Monday, September 26, 2005

Call and Response

Another post, another productive nothing to report, at least on the novel front. On the blogging front, however, something rather cool and unexpected happened today.

Dorothy Thompson, editor of The Writer's Life Magazine and all-around lovely person, had some very nice things to say on her blog about my recent post regarding my first-ever literary award, which can be read here. It seems that she had a similar experience, and reading my post got her to wonder whether all writers might not have a similar story to tell. Her ponderings were both sweet and insightful, and made me look at my initial post in an entirely new light.

I think that perhaps my favorite part of all of this (apart from being referred to as "utterly charming") is that she and I could not be from more disparate genres, and yet we share a common experience, a common history. What I thought of as a fond remembrance of a fairly peculiar event might in fact be something shared in one form or another by just about anyone who ever picked up a pen or clacked away at a keyboard.

Go check out her blog, and The Writer's Life as well. Both are entertaining, and both are informative. More importantly, though, is the fact that both of them are run by someone who could have easily just passed on through, but who instead stopped to have a conversation along the way. Kind of the point of this whole thing, I think.

And for the record, it was the post she referred to as "utterly charming," not me personally, but I'll take what I can get.

Tuesday, September 20, 2005

On Writing (and little green men)

After a couple of weeks off to write, polish, and submit The Toll Collectors, I’ve refocused my efforts on finishing my novel, which means there’s little to report. There’s progress aplenty, but I suspect if I were to document it in detail, it’d look a lot like this:

Wrote five pages today. Brilliant. Utterly, utterly brilliant. Best pages ever.

Read yesterday’s pages. Crap. Utter, utter crap. Worst pages ever.

And so on. So rather than boring you with the details of slogging away at my work-in-progress, I’ve decided to regale you with a tale of adventure, intrigue, and aliens. A tale of my loftiest literary achievement to date. A tale of my first-ever award for writing.

I was six years old.

I remember sitting on the institutional metal chair, my feet swinging free several inches above the floor. I was nervous, and I had reason to be – I wasn’t the kind of kid that got called down to the principal’s office with any regularity. In fact, I couldn’t remember ever having been called down to the principal’s office, though certainly I’d heard the stories. Yelling. Crying. Calls to parents. I wasn’t sure what I’d done, but I was sure it couldn’t be good.

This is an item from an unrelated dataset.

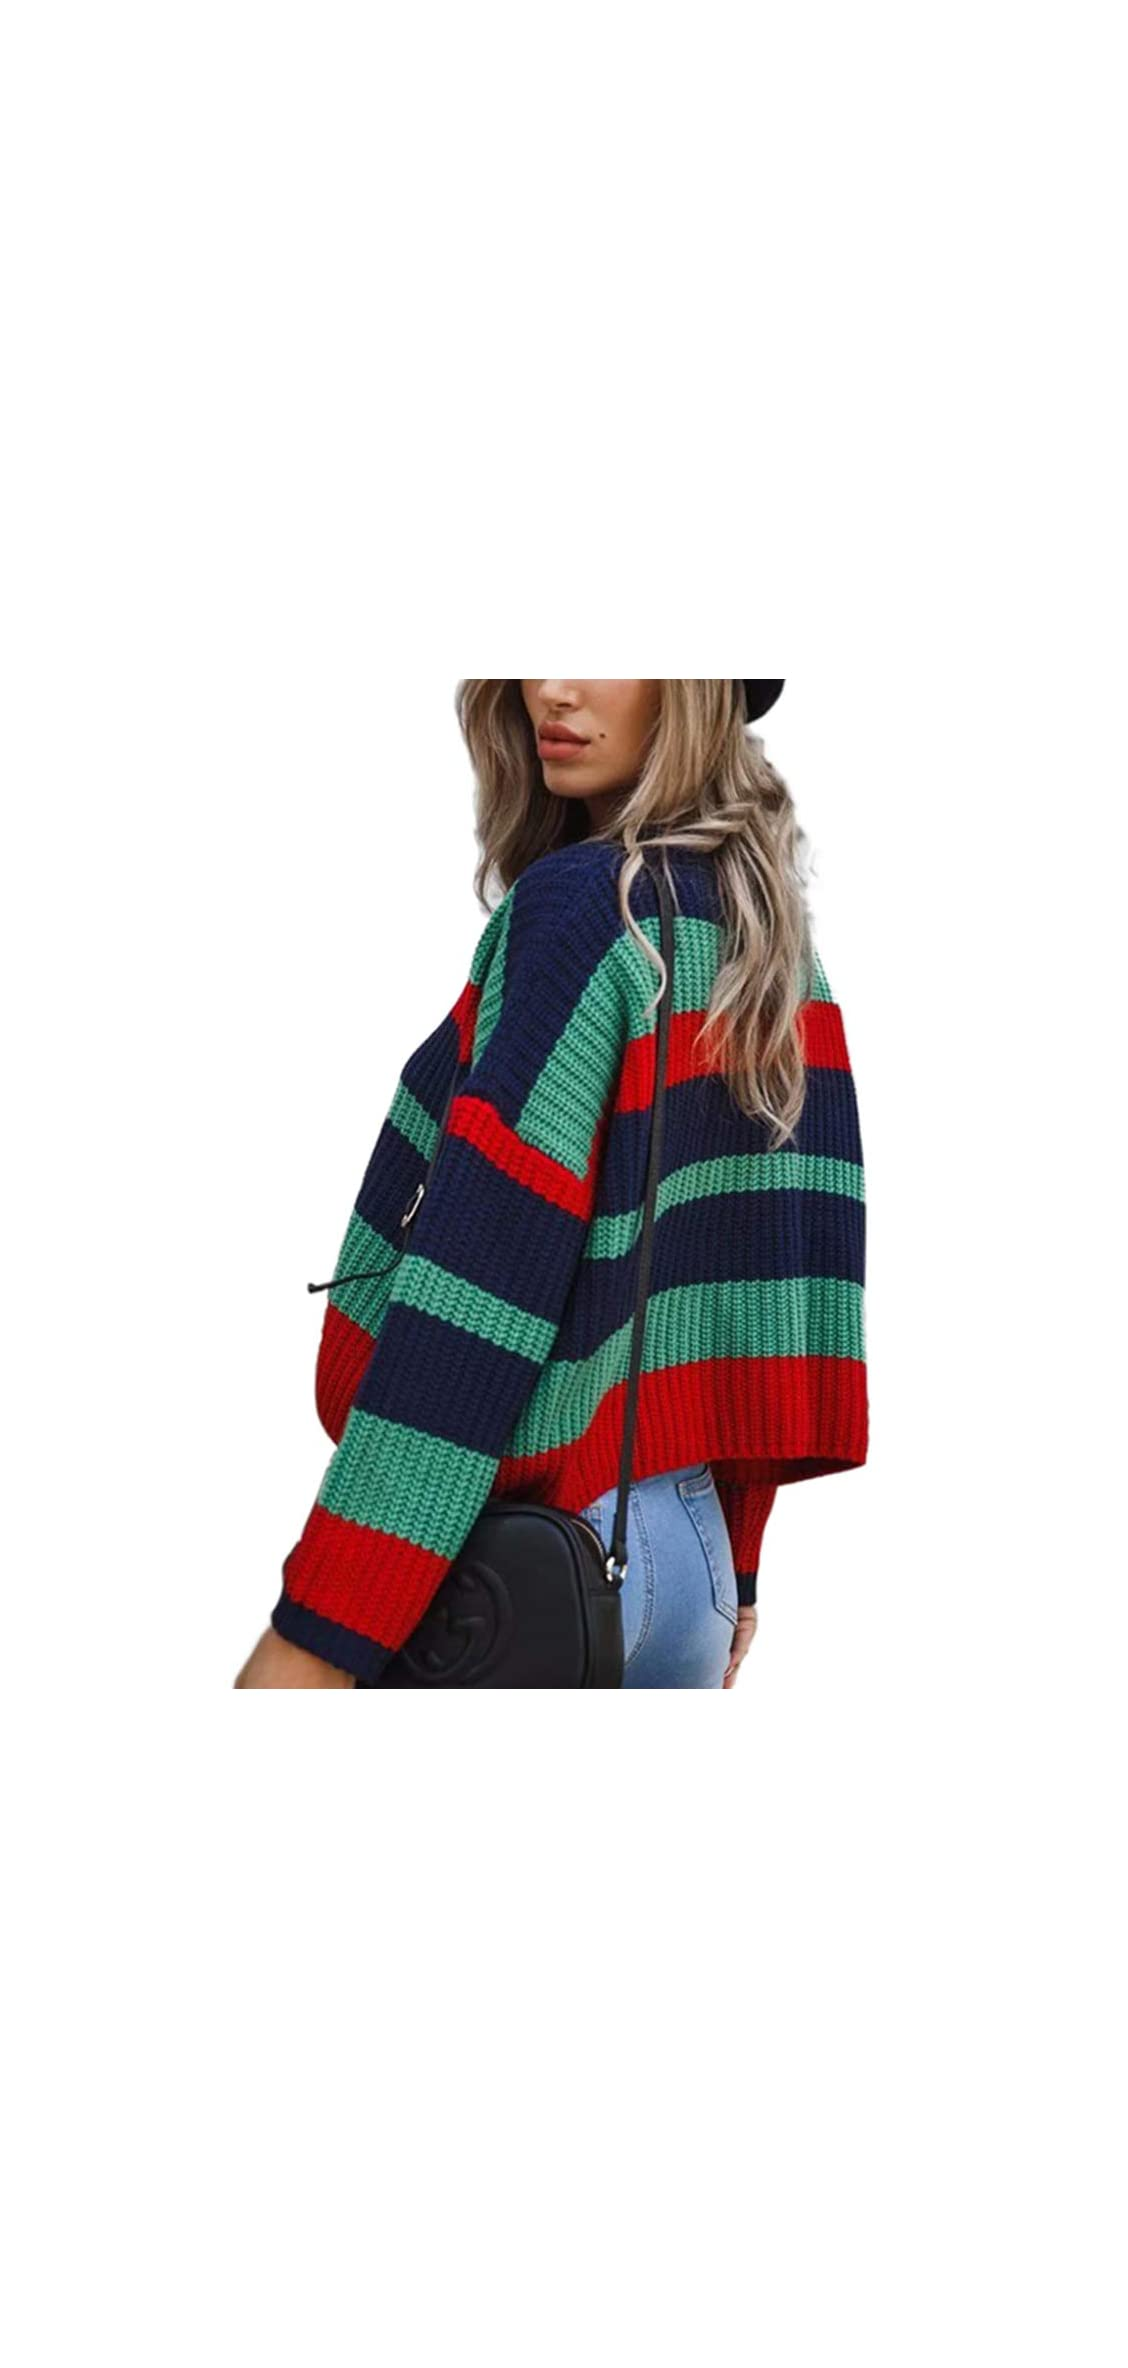 Women's Crew Neck Long Sleeve Color Block Knit Sweater

The door to the principal’s office swung open, and out came a kid a couple of years older than me, eyes rimmed with red. He looked like he’d just been to war. I watched him disappear out of sight down the hall with growing dread. I was told I could go in. Reluctantly, I did.

The principal, a Mr. Hayburn, I believe, was leaning against the corner of the cheap metal desk when I came in. He told me to take a seat. He towered over me as I sat in that chair, and I was sure that at any second, he’d begin to scream, or breathe fire, or something equally terrifying. Instead, he handed me several sheets of loose-leaf paper, carefully stapled together.

He asked me if I recognized it. I did. It was a story I’d written for class, entitled The Alien Death From Outer Space. It was three pages long, and lavishly illustrated; I still remember gleefully wearing my red crayon down to nothing as I waged my epic battle between man and beast, the fate of Earth hanging in the balance. My recollection of the story is hazy, and doubtless colored by my mother’s many retellings, but I believe it went like this:

Aliens came from outer space.

They killed a lot of people.

We fought back, and killed them all.

Note the strong three-act (er, sentence) structure, the economy of prose. I’m sure that that was precisely what Mr. Hayburn had noted, that and not the violent Techicolor carnage. He asked me several questions about the story, and I answered them as best I could. I have no idea what he or I said, really. All I remember is that I was terribly relieved he wasn’t yelling. He seemed very friendly, in fact – he smiled and nodded at all my answers, and in the end he gave me a Hershey bar, and made me swear not to tell anyone where I got it.

At the time, I was sure that my story was so fantastic that I’d been called down to the principal’s office and rewarded. Now I realize that I was questioned and given a bribe in the interests of me not killing my fellow students. Either way, there’s a lesson to be learned – if you can scare the pants off of your audience, you will be rewarded. Of course, those were more innocent times; today, I’d have just been put on some sort of federal watch-list. Maybe then I’d have been inspired to become a First Amendment lawyer.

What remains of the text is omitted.